How do I collect all the data from a Node.js stream into a string?
Another way would be to convert the stream to a promise (refer to the example below) and use then (or await) to assign the resolved value to a variable.
function streamToString (stream) {
const chunks = [];
return new Promise((resolve, reject) => {
stream.on('data', (chunk) => chunks.push(Buffer.from(chunk)));
stream.on('error', (err) => reject(err));
stream.on('end', () => resolve(Buffer.concat(chunks).toString('utf8')));
})
}
const result = await streamToString(stream)
What do you think about this ?
async function streamToString(stream) {
// lets have a ReadableStream as a stream variable
const chunks = [];
for await (const chunk of stream) {
chunks.push(Buffer.from(chunk));
}
return Buffer.concat(chunks).toString("utf-8");
}
None of the above worked for me. I needed to use the Buffer object:
const chunks = [];
readStream.on("data", function (chunk) {
chunks.push(chunk);
});
// Send the buffer or you can put it into a var
readStream.on("end", function () {
res.send(Buffer.concat(chunks));
});
Hope this is more useful than the above answer:
var string = '';
stream.on('data',function(data){
string += data.toString();
console.log('stream data ' + part);
});
stream.on('end',function(){
console.log('final output ' + string);
});
Note that string concatenation is not the most efficient way to collect the string parts, but it is used for simplicity (and perhaps your code does not care about efficiency).
Also, this code may produce unpredictable failures for non-ASCII text (it assumes that every character fits in a byte), but perhaps you do not care about that, either.
(This answer is from years ago, when it was the best answer. There is now a better answer below this. I haven't kept up with node.js, and I cannot delete this answer because it is marked "correct on this question". If you are thinking of down clicking, what do you want me to do?)
The key is to use the data and end events of a Readable Stream. Listen to these events:
stream.on('data', (chunk) => { ... });
stream.on('end', () => { ... });
When you receive the data event, add the new chunk of data to a Buffer created to collect the data.
When you receive the end event, convert the completed Buffer into a string, if necessary.
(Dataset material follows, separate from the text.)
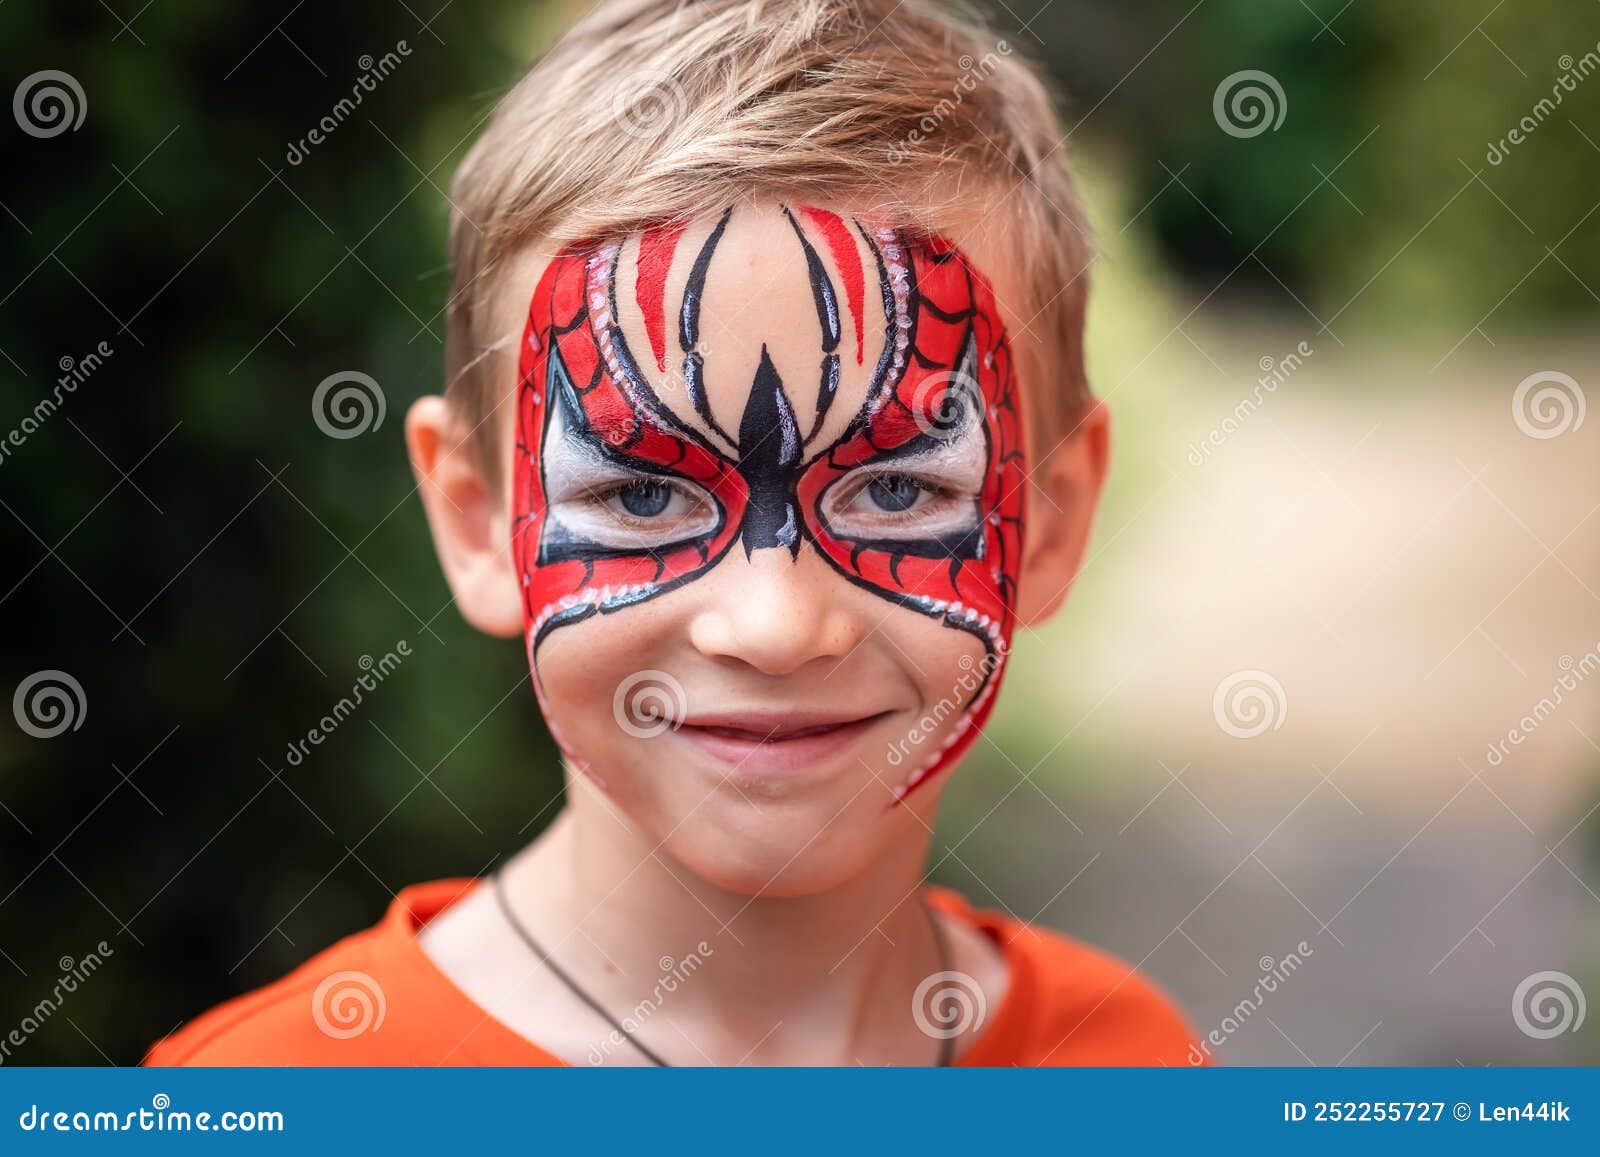 Cute Little Boy with His Face Painted Stock Image - Image of ...

Then do what you need to do with it.
I'm using usually this simple function to transform a stream into a string:
function streamToString(stream, cb) {
const chunks = [];
stream.on('data', (chunk) => {
chunks.push(chunk.toString());
});
stream.on('end', () => {
cb(chunks.join(''));
});
}
Usage example:
let stream = fs.createReadStream('./myFile.foo');
streamToString(stream, (data) => {
console.log(data); // data is now my string variable
});
And yet another one for strings using promises:
function getStream(stream) {
return new Promise(resolve => {
const chunks = [];
# Buffer.from is required if chunk is a String, see comments
stream.on("data", chunk => chunks.push(Buffer.from(chunk)));
stream.on("end", () => resolve(Buffer.concat(chunks).toString()));
});
}
Usage:
const stream = fs.createReadStream(__filename);
getStream(stream).then(r=>console.log(r));
remove the .toString() to use with binary Data if required.
update: #AndreiLED correctly pointed out this has problems with strings. I couldn't get a stream returning strings with the version of node I have, but the api notes this is possible.
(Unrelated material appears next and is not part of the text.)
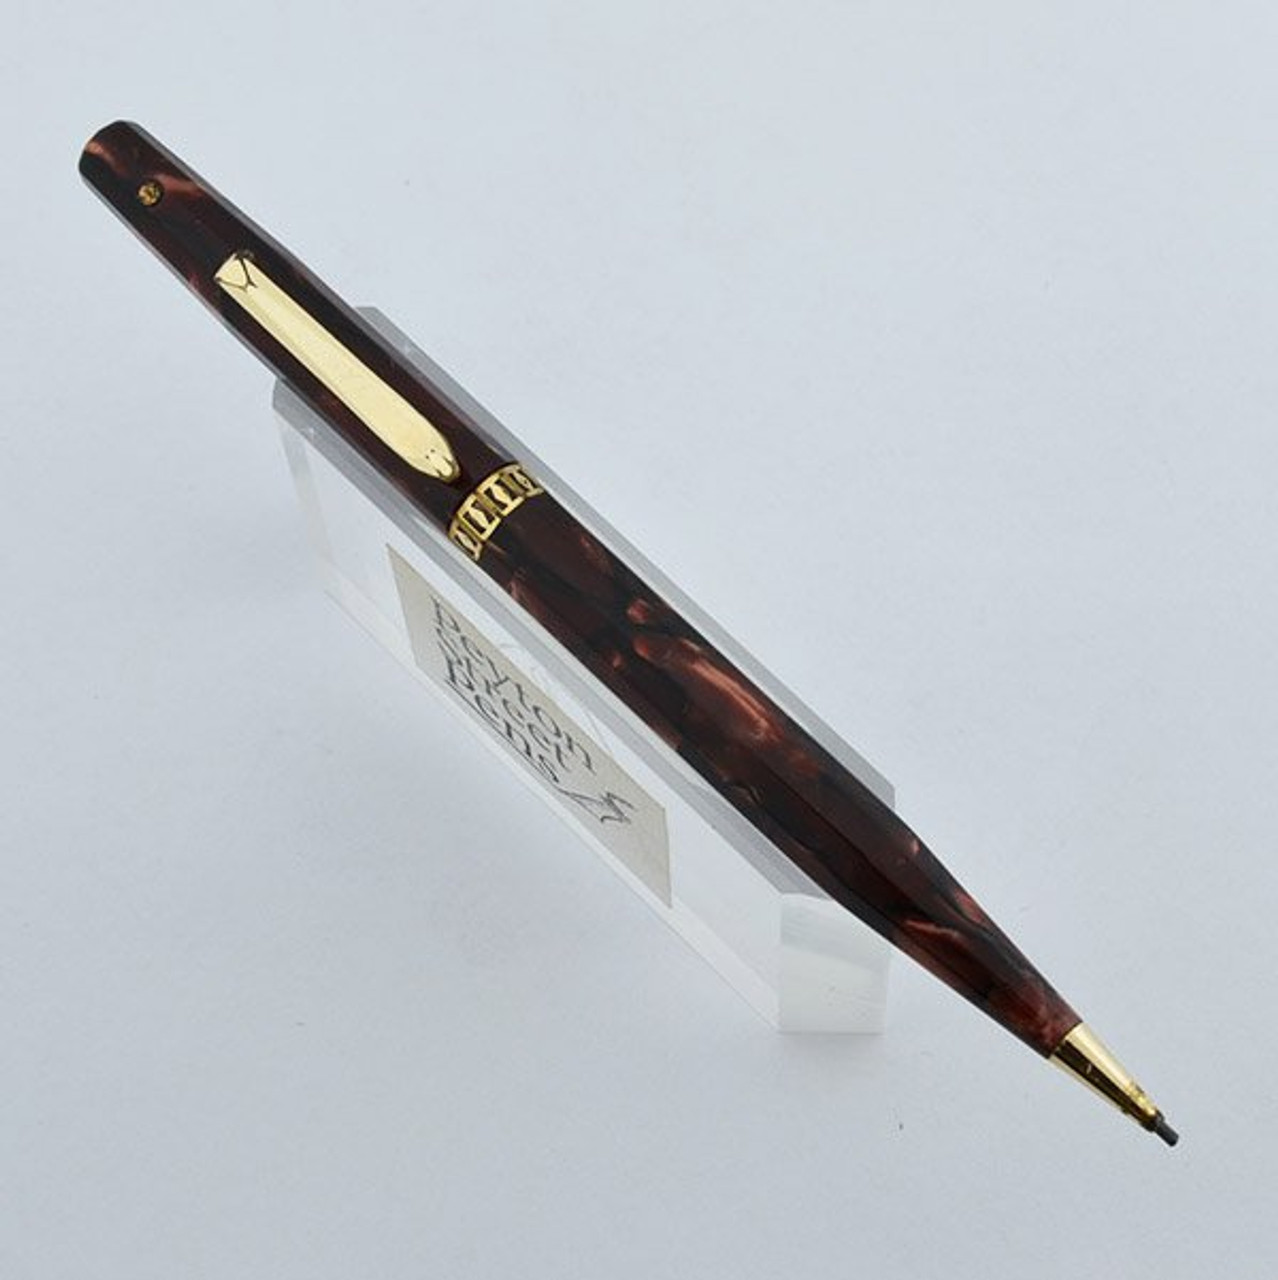 Wahl Doric Mechanical Pencil - Gold Seal, "Morocco," 5-3/8" (Very Nice, Works Well)

From the nodejs documentation you should do this - always remember a string without knowing the encoding is just a bunch of bytes:
var readable = getReadableStreamSomehow();
readable.setEncoding('utf8');
readable.on('data', function(chunk) {
assert.equal(typeof chunk, 'string');
console.log('got %d characters of string data', chunk.length);
})
Easy way with the popular (over 5m weekly downloads) and lightweight get-stream library:
https://www.npmjs.com/package/get-stream
const fs = require('fs');
const getStream = require('get-stream');
(async () => {
const stream = fs.createReadStream('unicorn.txt');
console.log(await getStream(stream)); //output is string
})();
Streams don't have a simple .toString() function (which I understand) nor something like a .toStringAsync(cb) function (which I don't understand).
So I created my own helper function:
var streamToString = function(stream, callback) {
var str = '';
stream.on('data', function(chunk) {
str += chunk;
});
stream.on('end', function() {
callback(str);
});
}
// how to use:
streamToString(myStream, function(myStr) {
console.log(myStr);
});
I had more luck using like that :
let string = '';
readstream
.on('data', (buf) => string += buf.toString())
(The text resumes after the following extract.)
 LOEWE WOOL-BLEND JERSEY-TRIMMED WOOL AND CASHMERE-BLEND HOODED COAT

.on('end', () => console.log(string));
I use node v9.11.1 and the readstream is the response from a http.get callback.
The cleanest solution may be to use the "string-stream" package, which converts a stream to a string with a promise.
const streamString = require('stream-string')
streamString(myStream).then(string_variable => {
// myStream was converted to a string, and that string is stored in string_variable
console.log(string_variable)
}).catch(err => {
// myStream emitted an error event (err), so the promise from stream-string was rejected
throw err
})
What about something like a stream reducer ?
Here is an example using ES6 classes how to use one.
var stream = require('stream')
class StreamReducer extends stream.Writable {
constructor(chunkReducer, initialvalue, cb) {
super();
this.reducer = chunkReducer;
this.accumulator = initialvalue;
this.cb = cb;
}
_write(chunk, enc, next) {
this.accumulator = this.reducer(this.accumulator, chunk);
next();
}
end() {
this.cb(null, this.accumulator)
}
}
// just a test stream
class EmitterStream extends stream.Readable {
constructor(chunks) {
super();
this.chunks = chunks;
}
_read() {
this.chunks.forEach(function (chunk) {
this.push(chunk);
}.bind(this));
this.push(null);
}
}
// just transform the strings into buffer as we would get from fs stream or http request stream
(new EmitterStream(
["hello ", "world !"]
.map(function(str) {
return Buffer.from(str, 'utf8');
})
)).pipe(new StreamReducer(
function (acc, v) {
acc.push(v);
return acc;
},
[],
function(err, chunks) {
console.log(Buffer.concat(chunks).toString('utf8'));
})
);
All the answers listed appear to open the Readable Stream in flowing mode which is not the default in NodeJS and can have limitations since it lacks backpressure support that NodeJS provides in Paused Readable Stream Mode.
Here is an implementation using Just Buffers, Native Stream and Native Stream Transforms and support for Object Mode
import {Transform} from 'stream';
let buffer =null;
function objectifyStream() {
return new Transform({
objectMode: true,
transform: function(chunk, encoding, next) {
if (!buffer) {
buffer = Buffer.from([...chunk]);
} else {
buffer = Buffer.from([...buffer, ...chunk]);
}
next(null, buffer);
}
});
}
process.stdin.pipe(objectifyStream()).process.stdout
This worked for me and is based on Node v6.7.0 docs:
let output = '';
stream.on('readable', function() {
let read = stream.read();
if (read !== null) {
// New stream data is available
output += read.toString();
} else {
// Stream is now finished when read is null.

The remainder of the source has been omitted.